**Material for this task**
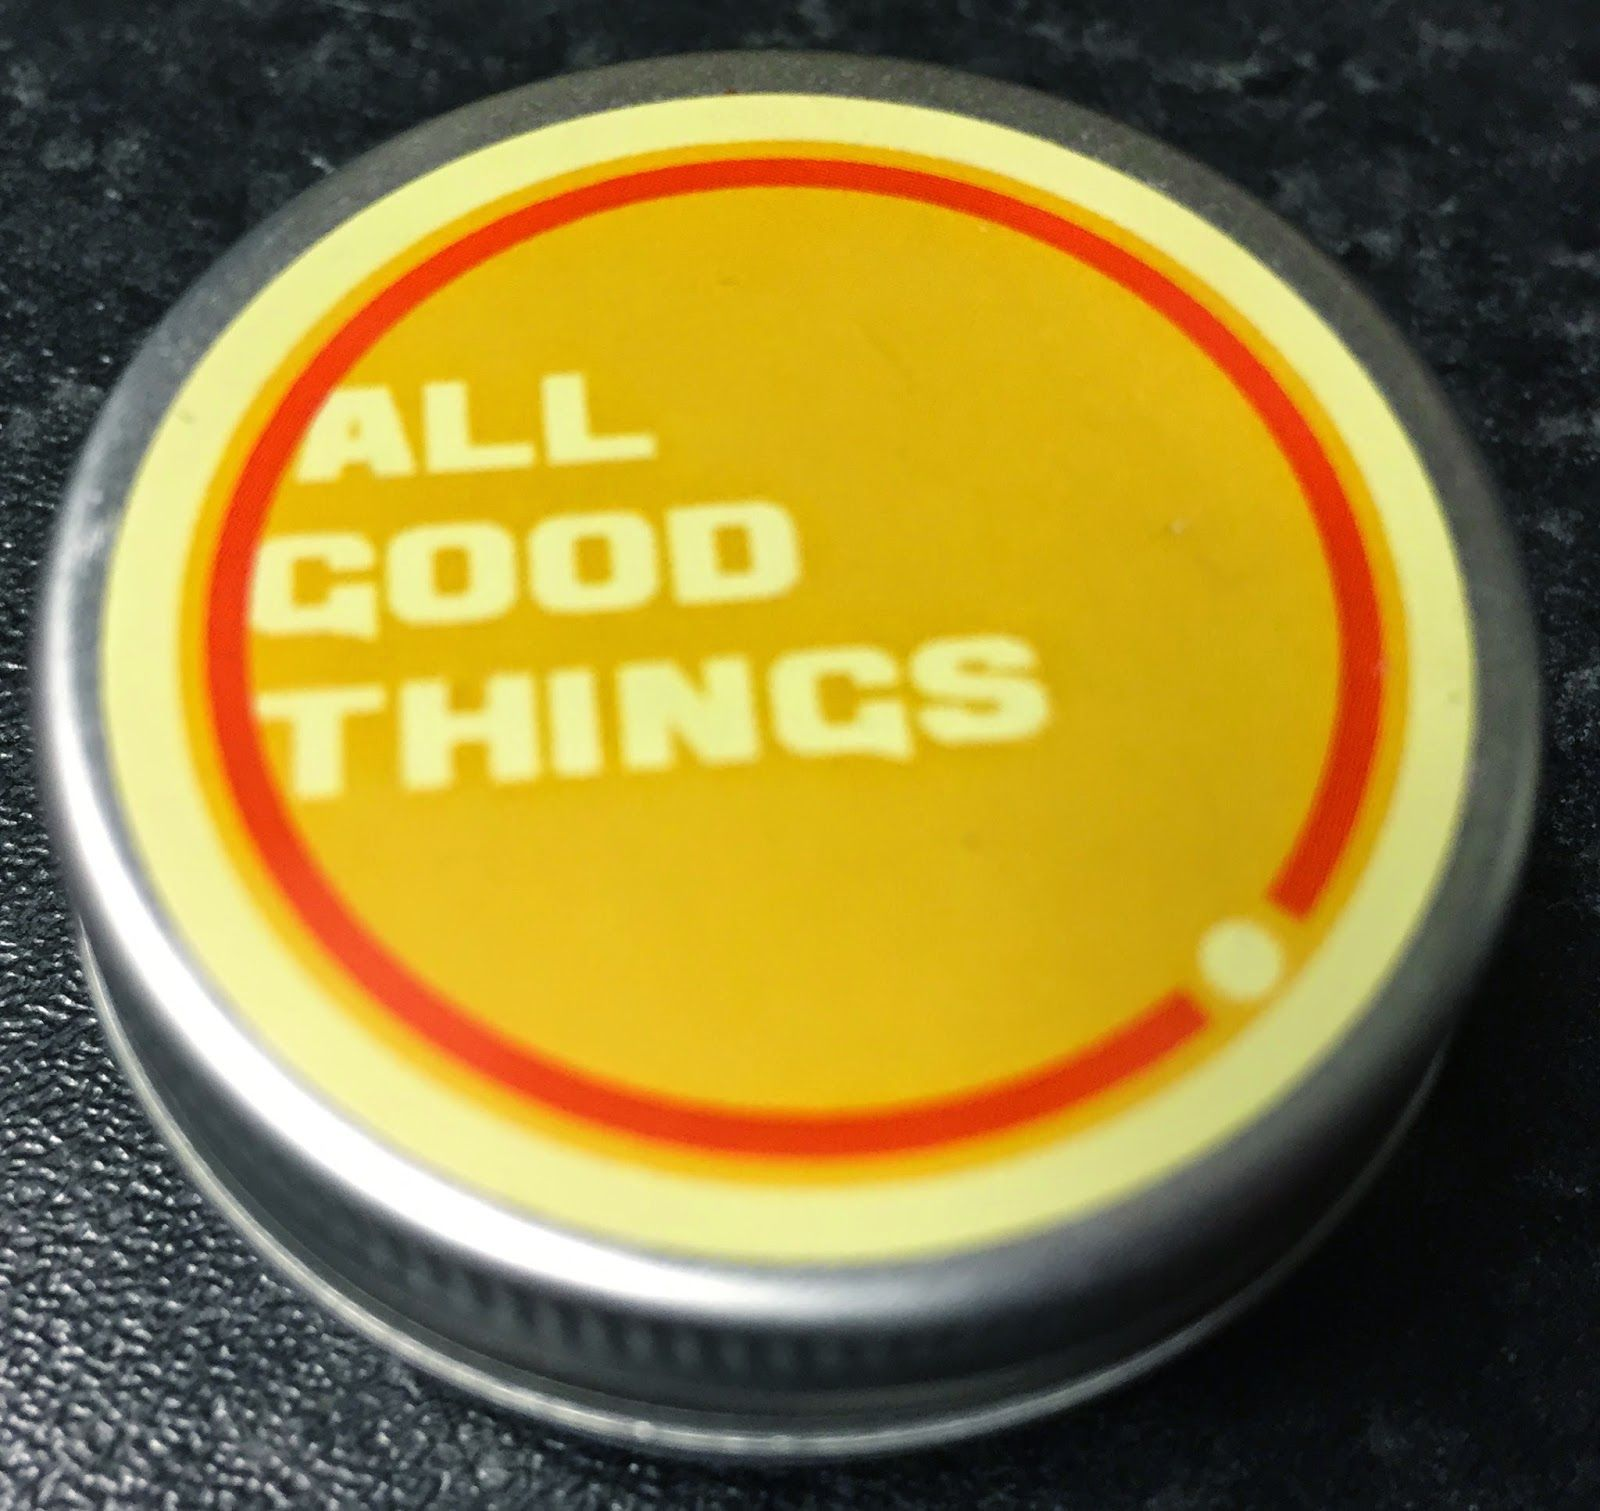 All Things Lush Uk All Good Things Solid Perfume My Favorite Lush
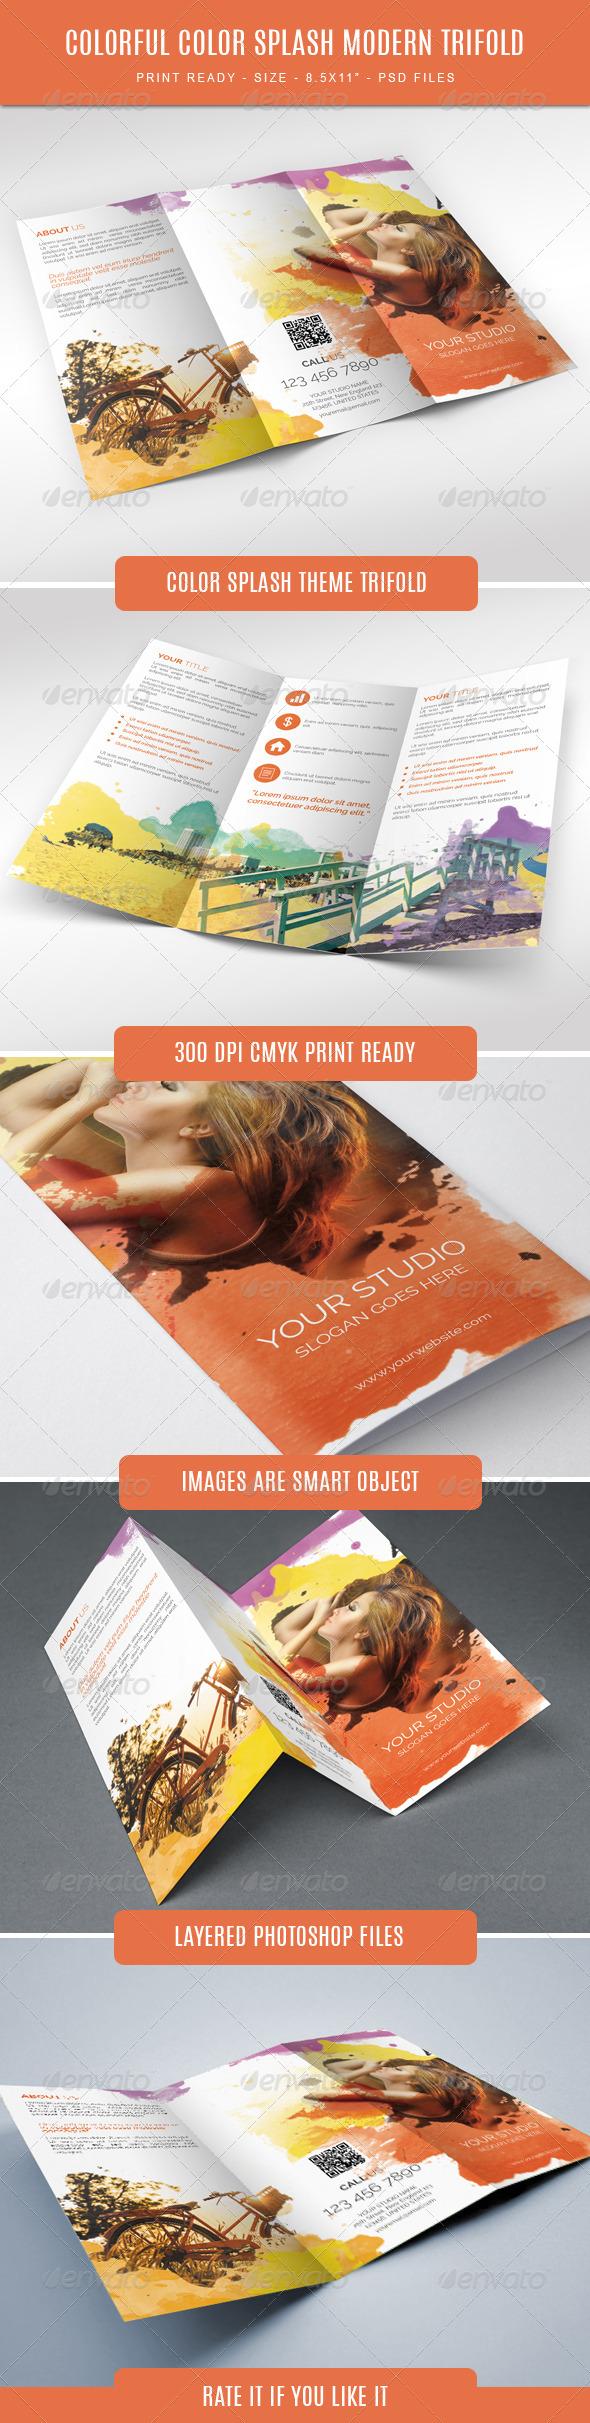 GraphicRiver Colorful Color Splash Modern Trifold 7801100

==

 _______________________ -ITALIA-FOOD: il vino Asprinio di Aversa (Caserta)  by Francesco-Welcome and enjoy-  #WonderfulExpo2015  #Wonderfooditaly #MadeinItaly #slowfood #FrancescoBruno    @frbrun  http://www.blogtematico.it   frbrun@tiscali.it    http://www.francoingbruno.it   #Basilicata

--

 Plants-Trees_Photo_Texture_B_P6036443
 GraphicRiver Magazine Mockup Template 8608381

**What you have to do**
An exact copy is needed of the entries above, starting at the line that holds "All Things Lush" and stopping at the line that holds "GraphicRiver Colorful Color", both kept; pictures stay out.

**Reply to the task**
 All Things Lush Uk All Good Things Solid Perfume My Favorite Lush
 GraphicRiver Colorful Color Splash Modern Trifold 7801100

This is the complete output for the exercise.